Emanuel then made his way to the lobby, where 17 television cameras were recording as Emanuel and Johnson greeted the four officers -- one each African-American, Asian, Latino and white -- who had been waiting to participate in the prearranged shot.

After that photo op, the crush of cameras followed Emanuel into the tiny surveillance room, where Lewin walked Emanuel through the new technology as officers remotely zoomed in street cameras on license plates and explained how the gunshot tracking technology would allow officers to respond to a scene five minutes faster than from a 911 call.

"You can control the cameras from here?" Emanuel asked. "Yes," Lewin responded. "This is real time?" the mayor inquired. "Yes," was the answer again.

Much of what was discussed was difficult to hear, as the Police Department's media handlers barked orders to the TV photographers, who were being directed in and out of the room in shifts to record Emanuel's interest in the effort.

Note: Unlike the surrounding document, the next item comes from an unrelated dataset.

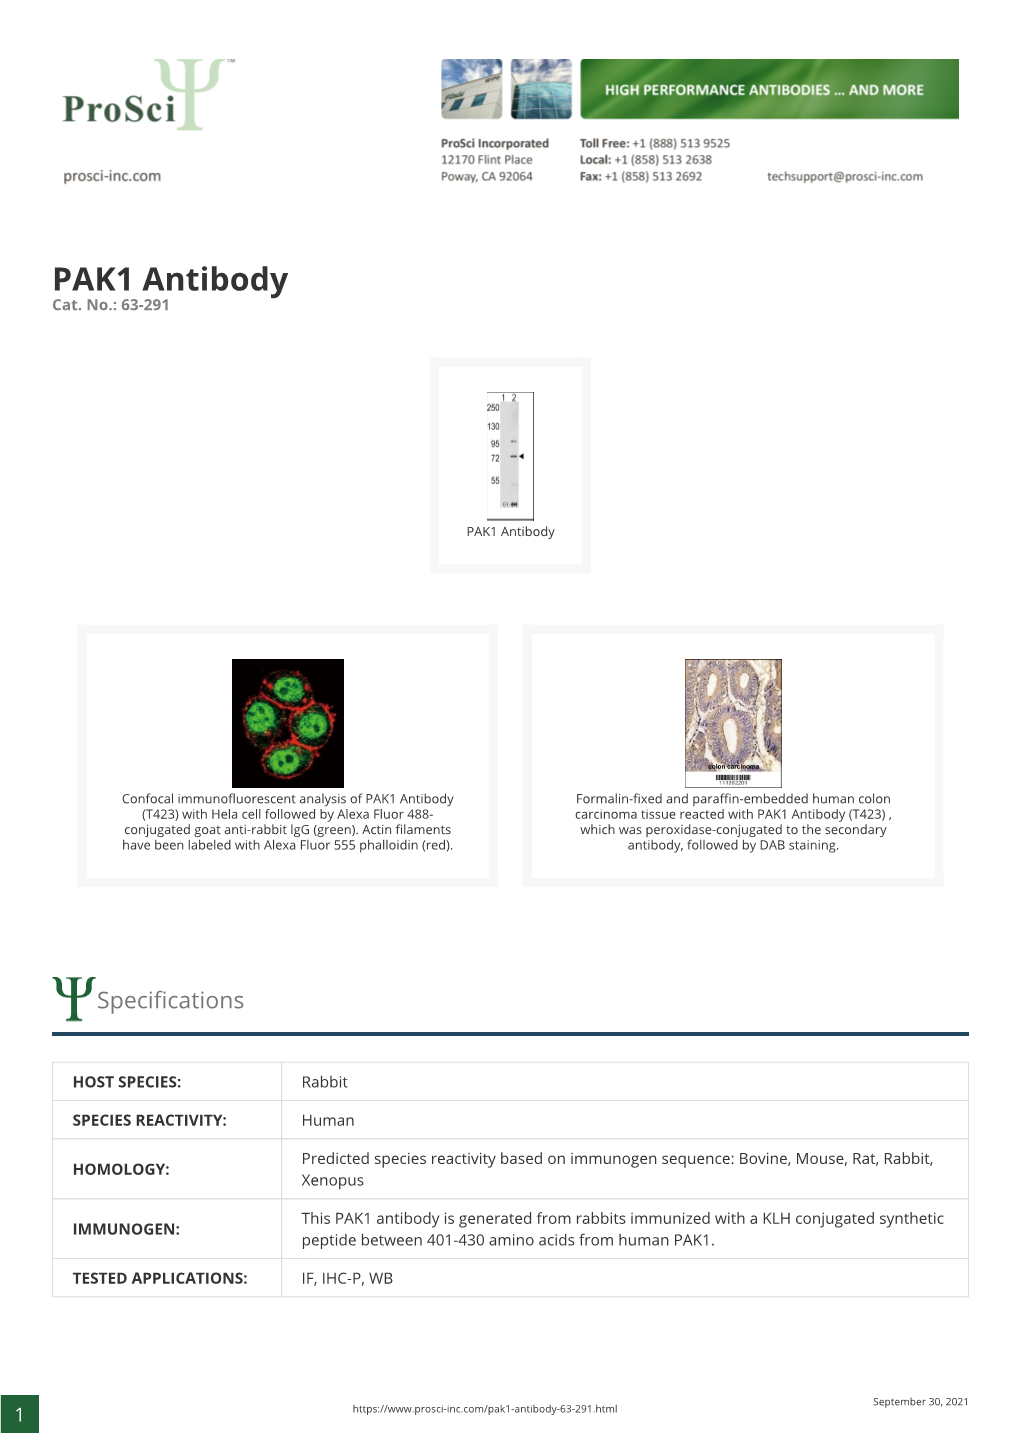 PAK1 Antibody Cat
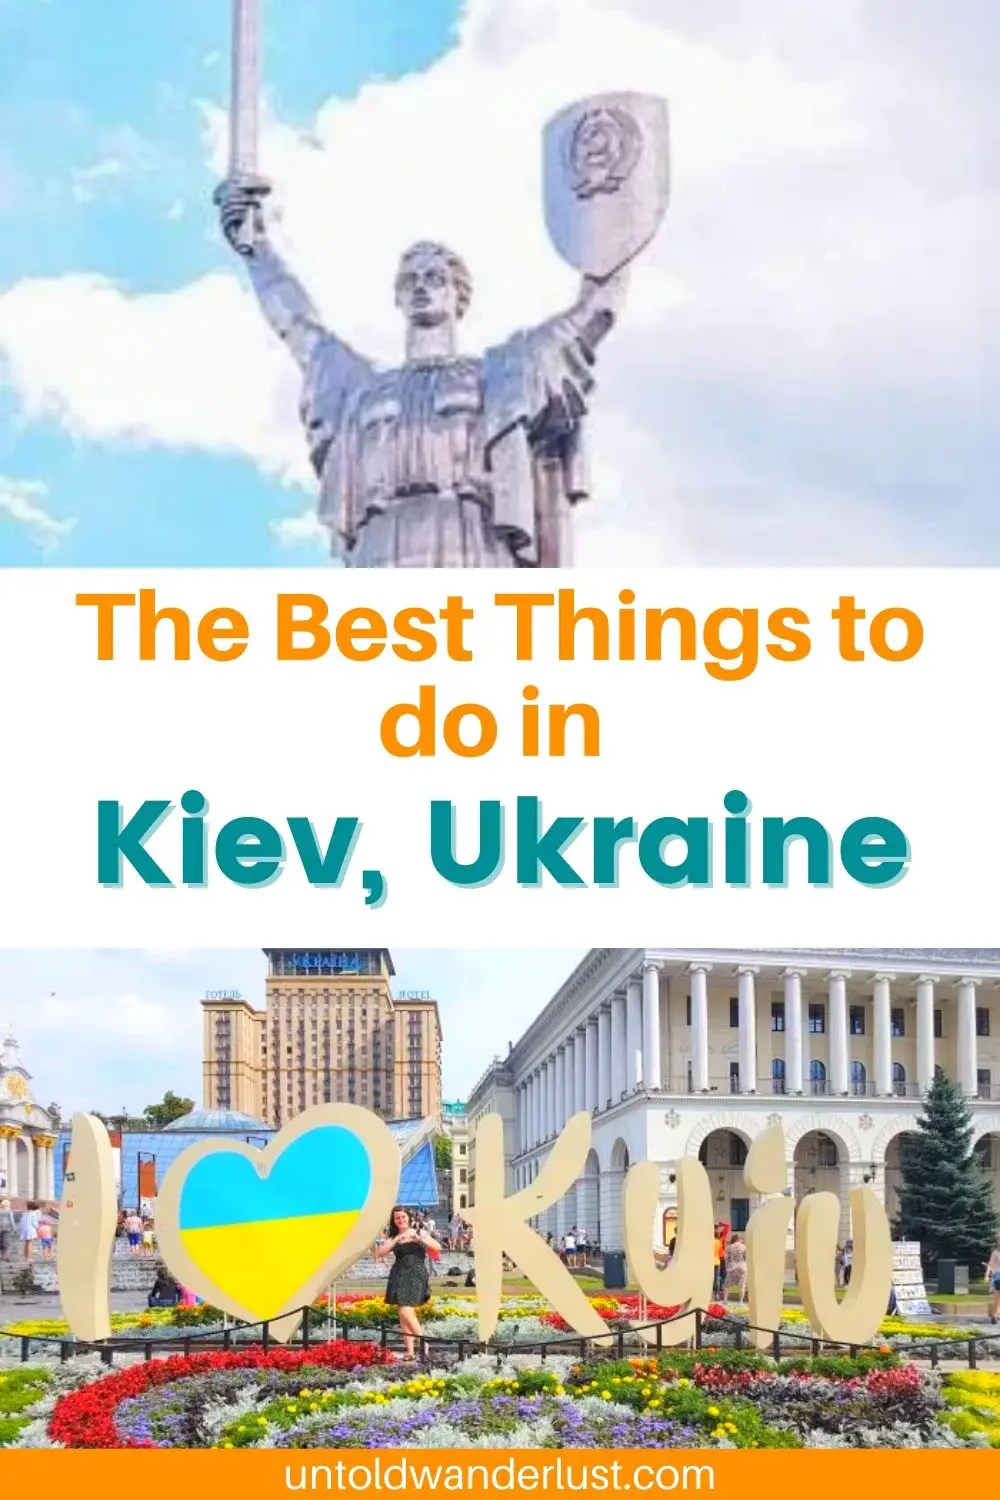 The Best Things to do in Kiev, Ukraine

"Which screen are you looking at?" a photographer asked the mayor at one point.

"The one on the far left," Emanuel responded, pointing to a map of the 7th District that had labels for territory covered by various gangs, including the Gangster Disciples, Conservative Vice Lords, Mickey Cobras, Black P Stones, Black Disciples and Latin Kings. A second screen showed a "heat map of homicides." A third was streaming live street surveillance footage.

As Lewin explained how all the technologies eventually will be merged into one cohesive software system, Emanuel stopped him. "Do that again for me," the mayor said as the cameras rolled. "I'm slow."

Once Lewin finished his presentation, Emanuel headed upstairs to the district's roll call room, where he lauded the new technology, which he's paying for with money from unclaimed property tax rebates aimed at easing the pain from the record property tax increase he and aldermen approved.

"This allows our police officers to be all that much smarter and more effective in using technology and command ability to make sure people are in the right place at the right time to prevent a shooting in the first place," Emanuel said.

In a news release, Emanuel's office described the technology as part of the city's "smart-policing strategy," a term that had not been used in previous mayor's office announcements.

Less than 48 hours earlier, Trump had called Emanuel out on needing to run a smarter policing effort.

"It has been going on for years," Trump said of Chicago's rash of shootings and homicides. "So, all I'm saying is, to the mayor, who came up to my office recently, I say you have to smarten up and you have to toughen up, because you can't let that happen. That's a war zone. I want them to straighten out the problem. It's a big problem."

At the news conference, Emanuel was asked if there "was any coincidence" that his Friday announcement came after Trump's recent criticism.

"You don't put something like this together overnight," Emanuel replied. "It's about what's right for the future, not about any current event."

Chicago Tribune's Rosemary Regina Sobol contributed.